Mehrfachantworten erwünscht. 

Natürlich darf auch jeder ein Kommentar abgeben, aber bitte keine Diskussionen raus machen und Seitenlange Post verfassen.

Danke euch für die Teilnahme


----------



## Sash (3. November 2010)

wie wärs mit einem storybasierten multiplayer modus.. 2 oder mehrere parteien kämpfen im koop gegeneinander und müssen eine größere mission bestehen, also mehr als nur capture the flag.


----------



## Painkiller (3. November 2010)

Sash schrieb:


> wie wärs mit einem storybasierten multiplayer modus.. 2 oder mehrere parteien kämpfen im koop gegeneinander und müssen eine größere mission bestehen, also mehr als nur capture the flag.


 

Sowas war schon mal geplant. Nannte sich "The Crossing".


----------



## Maschine311 (3. November 2010)

Wo ist meine Umfrage geblieben ??????


----------



## FreakyRadio (3. November 2010)

BF 2 mit dem Pipapo von Bad Company 2


----------



## Maschine311 (3. November 2010)

Tja, wie es ausschaut hat es da wohl ein technisches Problem gegeben Die Umfrage ist Futsch und ich kann sie auch niergens mehr finden, also alles nochmal.
Kann ein Mod das mal hier closen, evt. auch ganz entfernen, ich mache dann einen ganz neuen Thread auf, da ich keine Ahnung habe wie ich hier jetzt noch ne Umfrage erstellen kann.

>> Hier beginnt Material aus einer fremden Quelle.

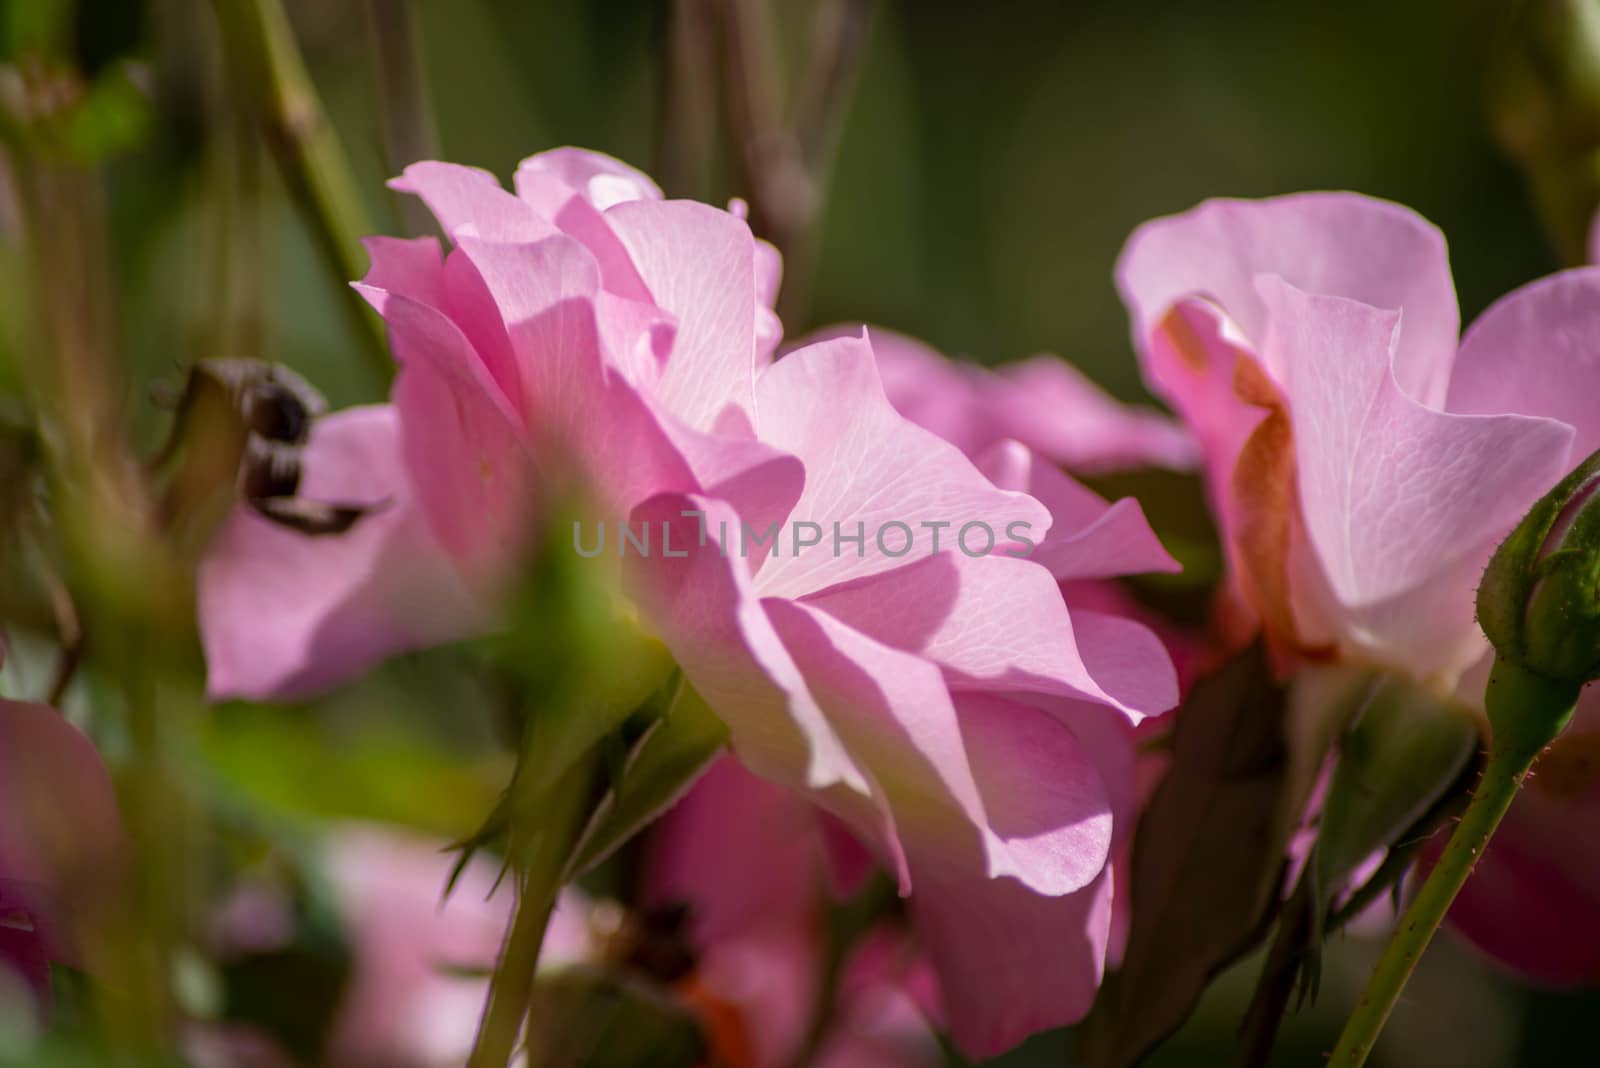 Soft pink petals show lines and veins in abstract full frame image in natural light, selective focus and copy space.

Also schaut mal in die neuen Beiträge, morgen oder Übermorgen gibts dann das gleiche nochmal mit Umfrage

Danke euch!!!!


----------



## Lexx (3. November 2010)

ERGOshooter.. ?


----------



## cann0nf0dder (4. November 2010)

helfen bei bandscheibenvorfall etc..., kannste dann einfach wegballern anstelle massieren lassen und so


----------



## CPU-GPU (4. November 2010)

So wie M.A.G.  nur mit einer besseren Grafik und für PC


----------



## Painkiller (4. November 2010)

Maschine311 schrieb:


> Tja, wie es ausschaut hat es da wohl ein technisches Problem gegeben Die Umfrage ist Futsch und ich kann sie auch niergens mehr finden, also alles nochmal.
> Kann ein Mod das mal hier closen, evt. auch ganz entfernen, ich mache dann einen ganz neuen Thread auf, da ich keine Ahnung habe wie ich hier jetzt noch ne Umfrage erstellen kann.
> 
> Also schaut mal in die neuen Beiträge, morgen oder Übermorgen gibts dann das gleiche nochmal mit Umfrage
> ...


 

Done! Till tomorrow! 

--Closed--

Gruß
Pain


----------